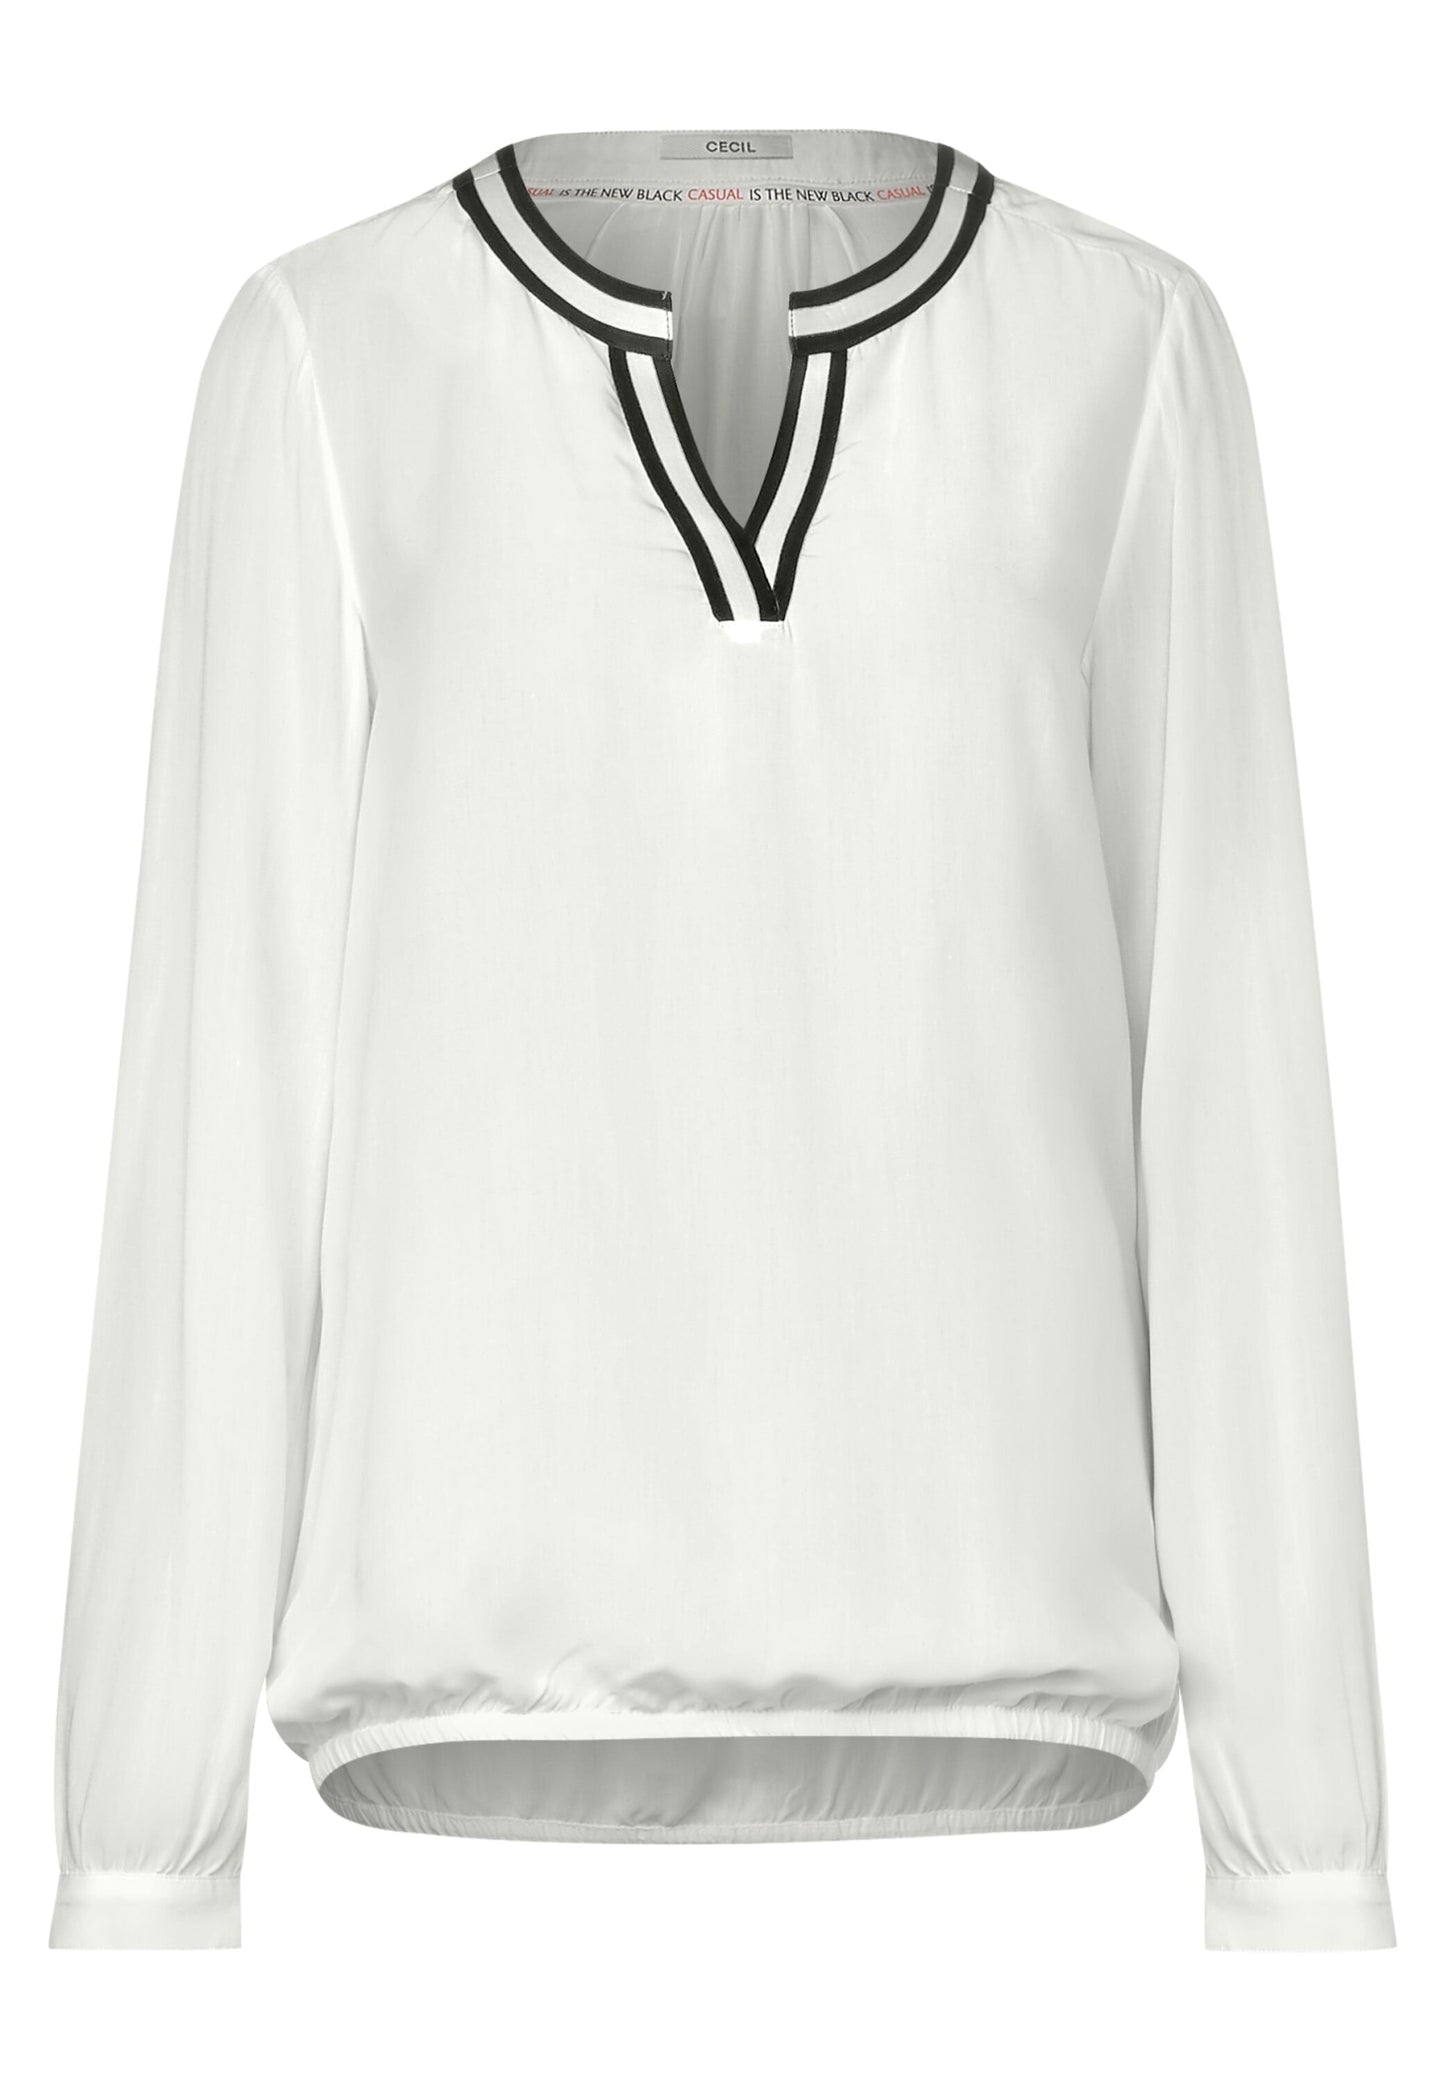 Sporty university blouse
====
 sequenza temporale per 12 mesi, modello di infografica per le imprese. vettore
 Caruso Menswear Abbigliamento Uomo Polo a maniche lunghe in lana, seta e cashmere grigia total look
====
AIM OF THE TASK: What you give back must be the stretch above, starting at the line with "sequenza temporale per" and ending at the line with "Caruso Menswear Abbigliamento", copied exactly.

THE ANSWER:
 sequenza temporale per 12 mesi, modello di infografica per le imprese. vettore
 Caruso Menswear Abbigliamento Uomo Polo a maniche lunghe in lana, seta e cashmere grigia total look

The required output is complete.